The restaurant reviewing season tends to run from September to August, kicked off by the fall preview issues in all of the major food sections. Frank Bruni's three-star
review of Café Boulud today brought to mind a remarkable stat about the 2006–07 season.
Since last September, Frank Bruni has not awarded four stars to any restaurant, while he has awarded three to the following:
Felidia
L'Atelier de Joel Robuchon
Picholine
Eleven Madison Park
Bar Room at the Modern
Esca
Gramercy Tavern
Café Boulud
Of those eight restaurants, only L'Atelier de Joel Robuchon was new—although, in a sense, it
wasn't new, since there are at least four other L'Ateliers around the world, of which this was a clone. The other seven were all re-reviews. Danny Meyer can consider himself the big winner, since he owns three of the seven.
So, an entire year has gone by with only one new three-star restaurant, and no new four-star restaurants. That must be a new record for futility. Perhaps Leonard Kim can search his database. Has there ever been a year with so few new restaurants at the top two levels?
Is this Bruni's fault, or has something changed in the industry? I think it's the latter.

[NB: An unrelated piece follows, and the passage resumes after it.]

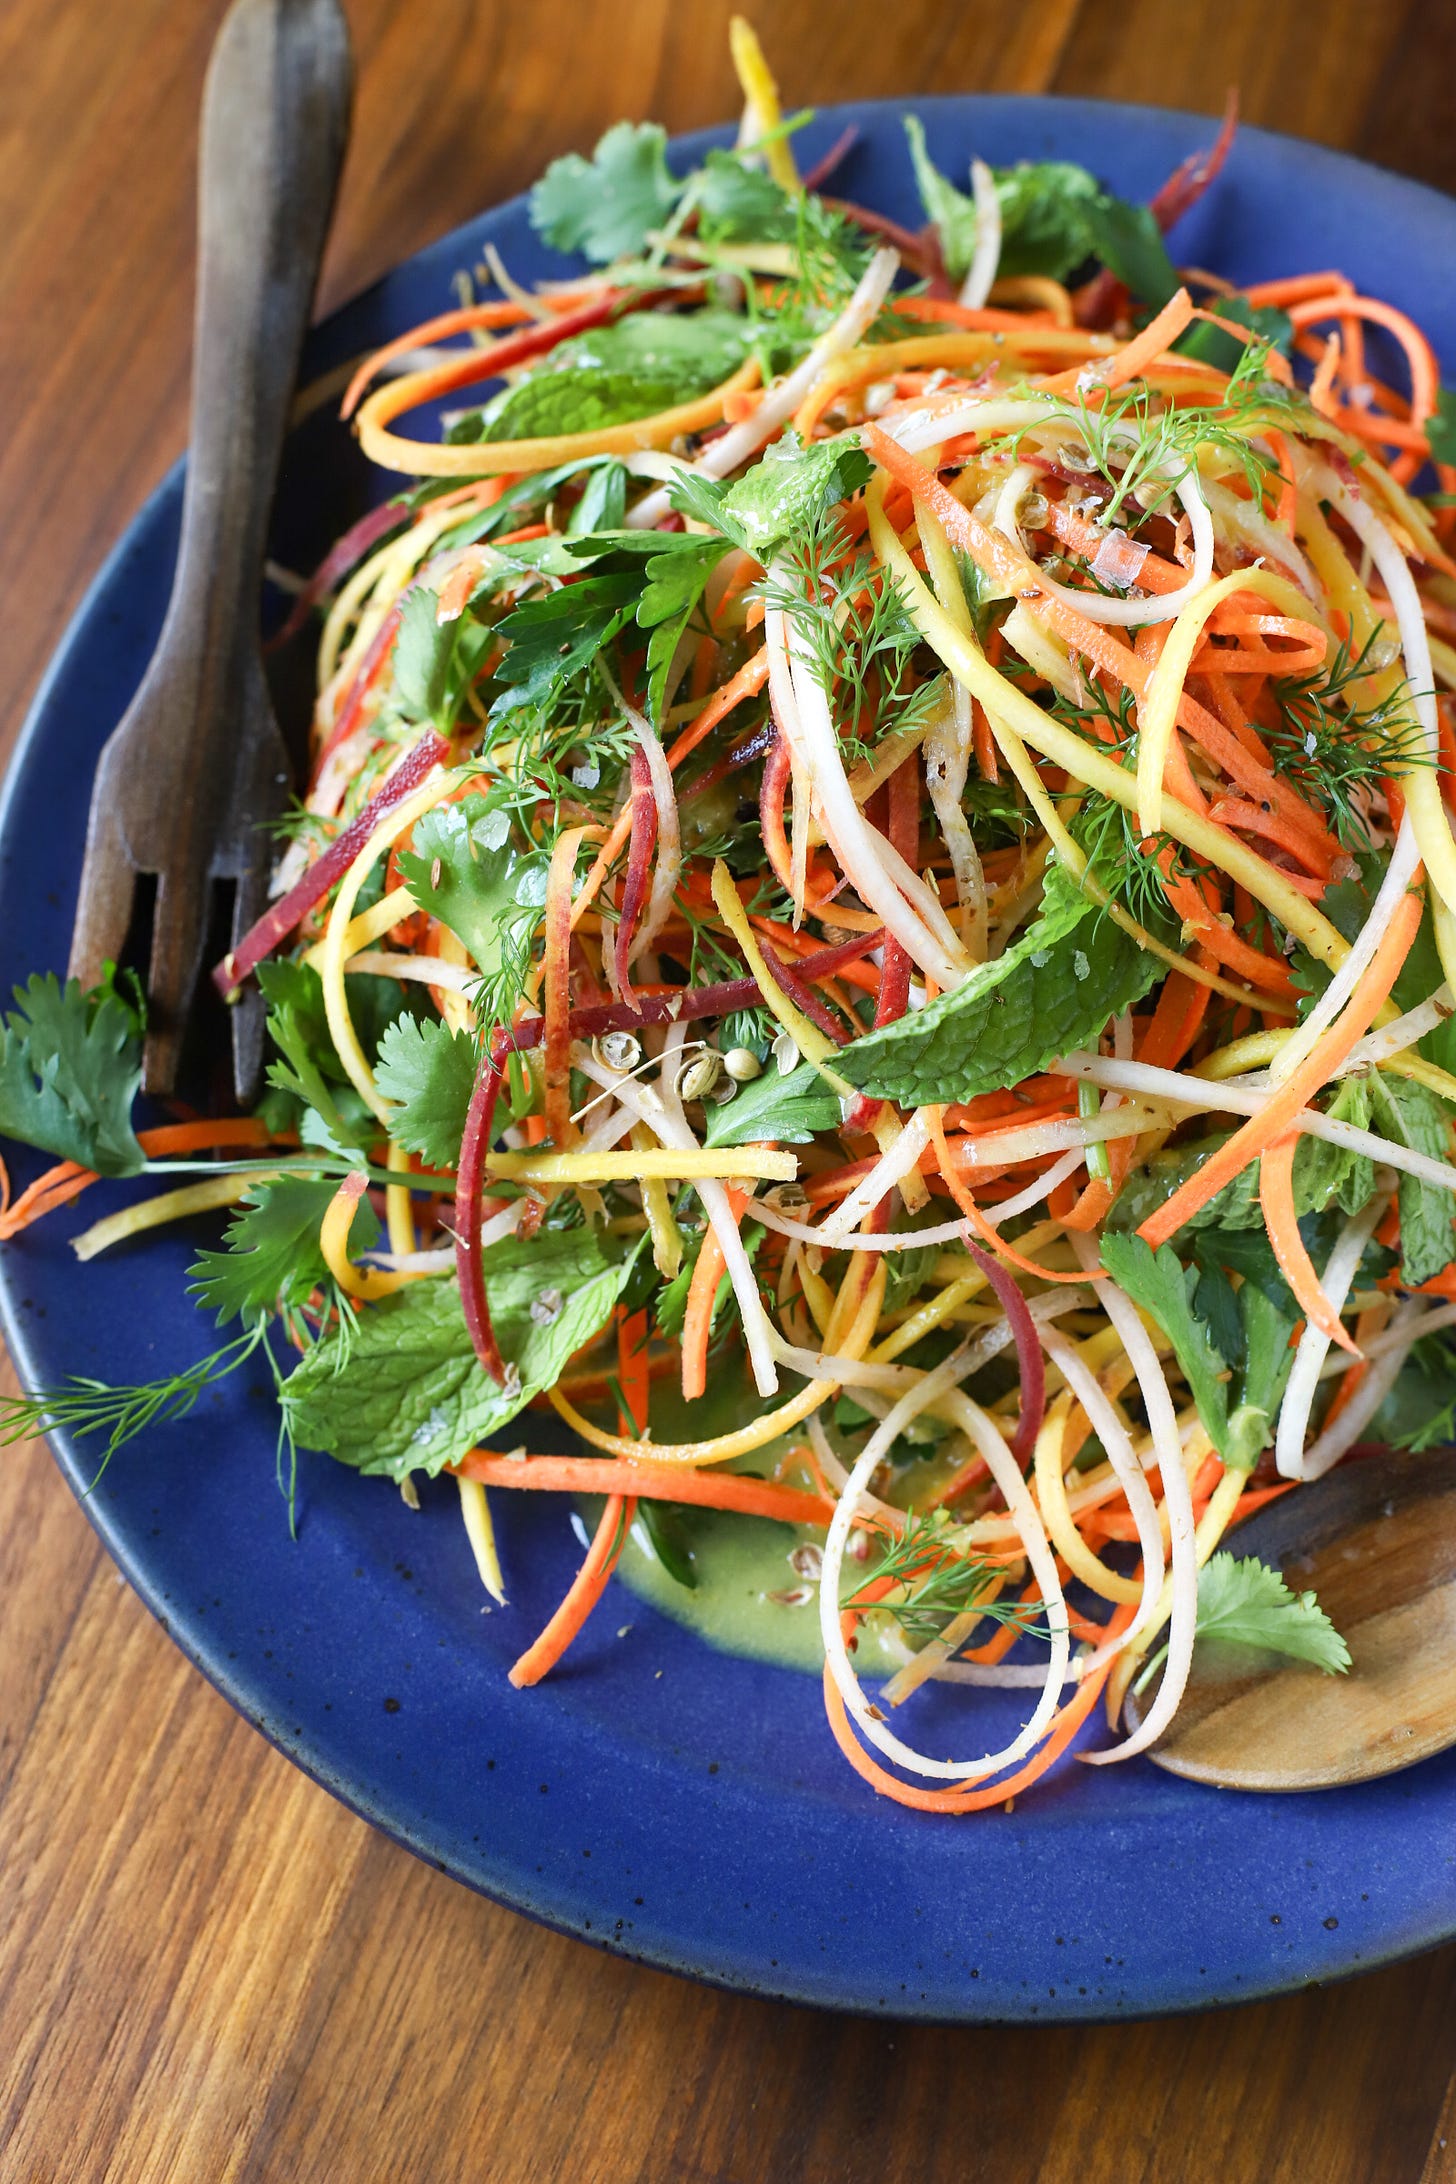 Grated carrots and herb salad on blue plate
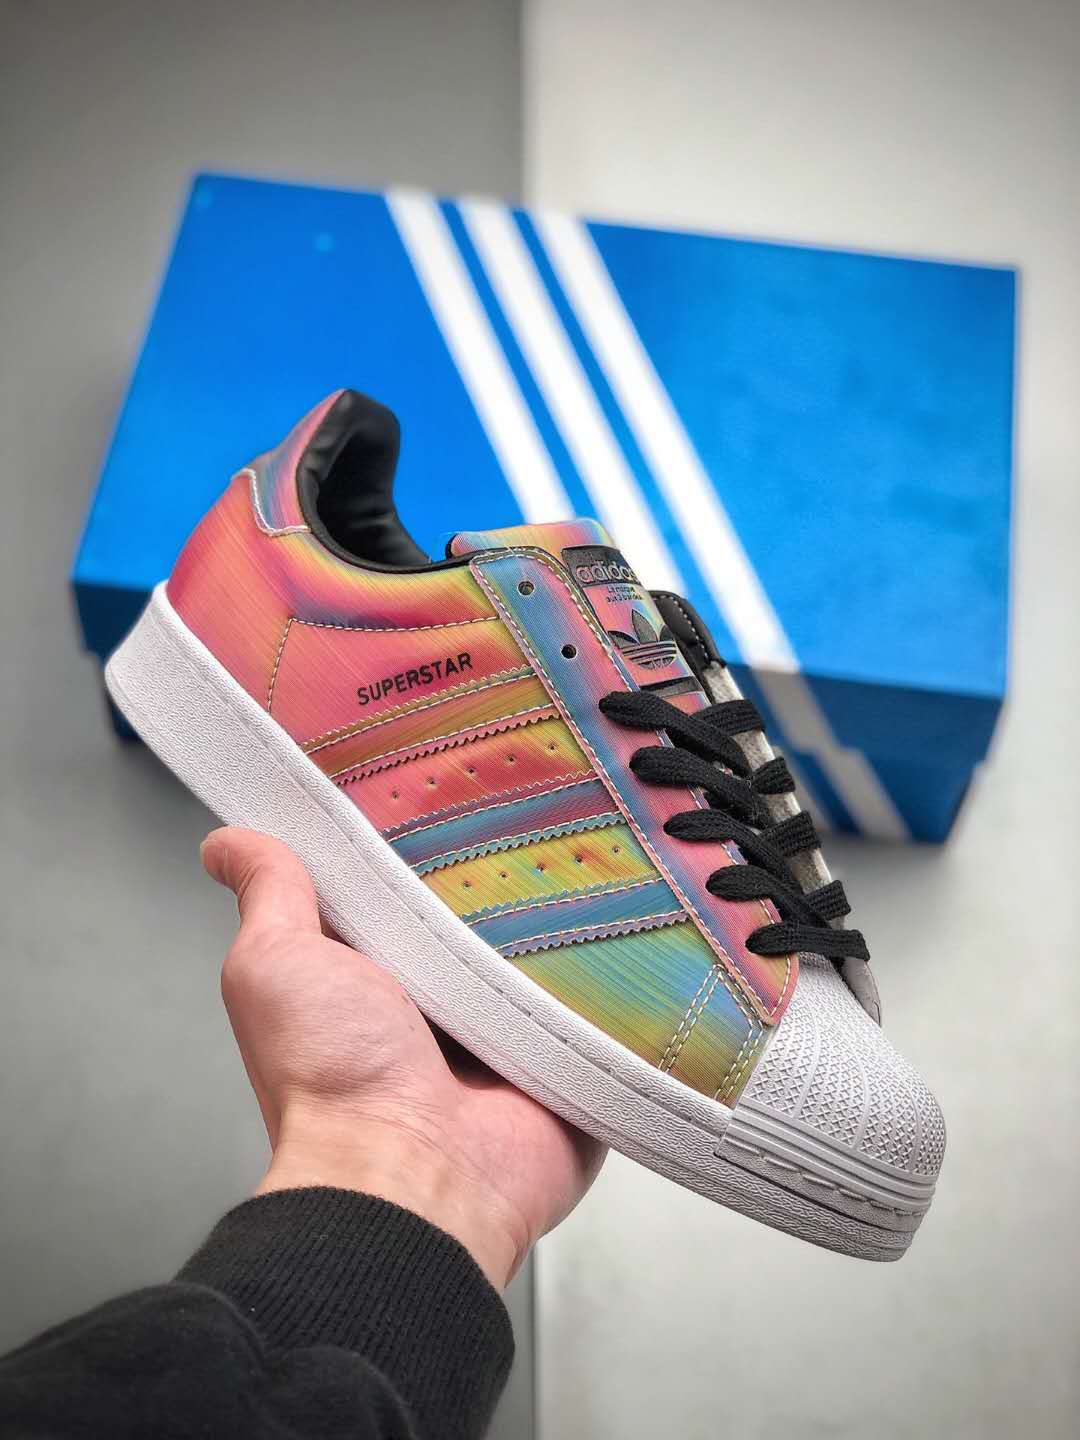 Adidas Superstar Iridescent FX7779 - Shop the Latest in Athletic Shoes

I can think of only three other new restaurants that could have rationally considered themselves three-star candidates: Gordon Ramsay, Anthos, and perhaps Insieme. Given the mixed reactions of other critics, I cannot say Bruni was wrong when he awarded two stars to each of them. (I gave three to Anthos
on my blog, but it was a close call.)
What's going on here? It seems that, while there are still plenty of new restaurant openings, investors are reluctant nowadays to make the larger commitment required to launch a three or four-star restaurant. Bruni's view, which he re-iterated in today's Café Boulud review, is that we're living in a more informal era, and there are fewer diners interested traditional fine dining.
But ironically, while Bruni disdains traditional formality, he remains a tough grader at the three-star level. Aside from the anomaly of the Bar Room—which I'm sure even Danny Meyer never conceived of as a three-star restaurant—it is awfully tough to get a trifecta out of Frank Bruni. I wonder whether restauranteurs are consciously avoiding the challenge, with the view that the risk/reward ratio just isn't worthwhile.